Longitudinal standing waves
Practical Activity
for 14-16

Demonstration
This experiment shows visible longitudinal standing waves in a spring.
Apparatus and Materials
- Signal generator
- Vibrator
- Xenon stroboscope
- Long spring
- Metre rule
- 4mm leads
Health & Safety and Technical Notes
Read our standard health & safety guidance

Put the vibrator on its side, attach one end of the spring to the vibrating element using string or a wire loop. Use the low impedance output of the signal generator, at full amplitude.

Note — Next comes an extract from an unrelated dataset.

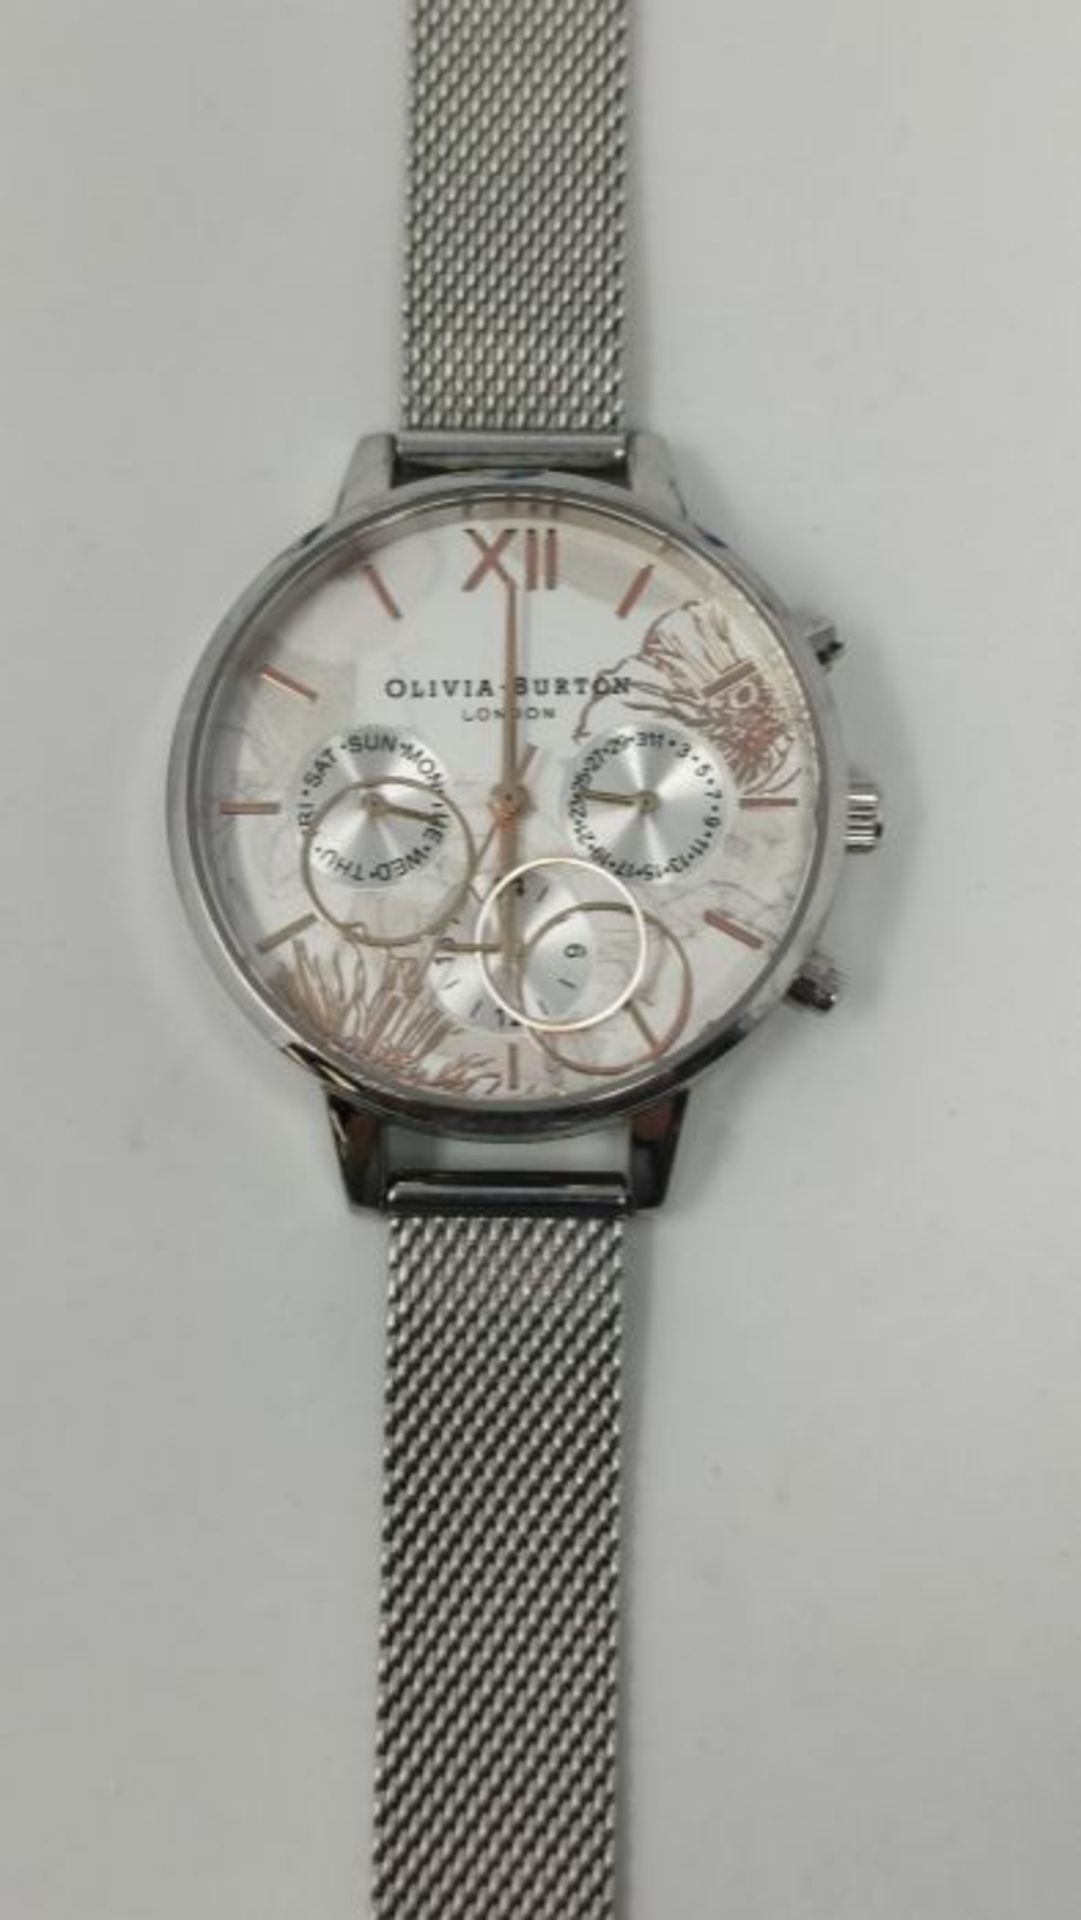 RRP £119.00 Olivia Burton Women's Analogue Japanese Quartz Watch with Stainless Steel Strap OB16CG - Image 3 of 3

Safety note: Using the xenon stroboscope, teachers should be aware that frequencies around 7 Hz have been known to cause epileptic fits in certain people. Ask your students if any know that they are susceptible to this response.
Procedure
- Stretch the spring slightly. For example, a spring of length of 0.30 m should be stretched to about 0.50 m (these distances are not critical). Rest the hand holding the spring on a metre rule, the other end of which acts as a stop to prevent the vibrator sliding along the bench.
- Increase the frequency of the signal driving the vibrator, from about 20 Hz to several hundred hertz.
- What frequencies give standing waves? How are these frequencies related to each other? To the wavelengths produced?
Teaching Notes
- The standing waves should be viewed stroboscopically, as well as by eye, to give students a clear understanding of their nature.
- The spring shows standing waves at frequencies in arithmetic progression.
- When a dozen or so rapid oscillations are sent down a long spring, a standing wave appears briefly where the reflected first few waves travel back through the last few waves which have not yet reached the end. .
- The standing wave is so called because it does not look as if it is travelling in either direction along the spring. Yet it is the result of two similar waves travelling along. But they travel in opposite directions.
- For teaching, a better device than any diagram is the pair of
plastic waves
laid on top of one another and slid along millimetre by millimetre, or a pair of wave strips used on an overhead projector. With both waves moving, there are fixed places where the waves superpose to give zero effect at all times. There are other fixed places where the waves superpose to give an oscillation having twice the amplitude of either wave alone.
This experiment has yet to undergo a health and safety check.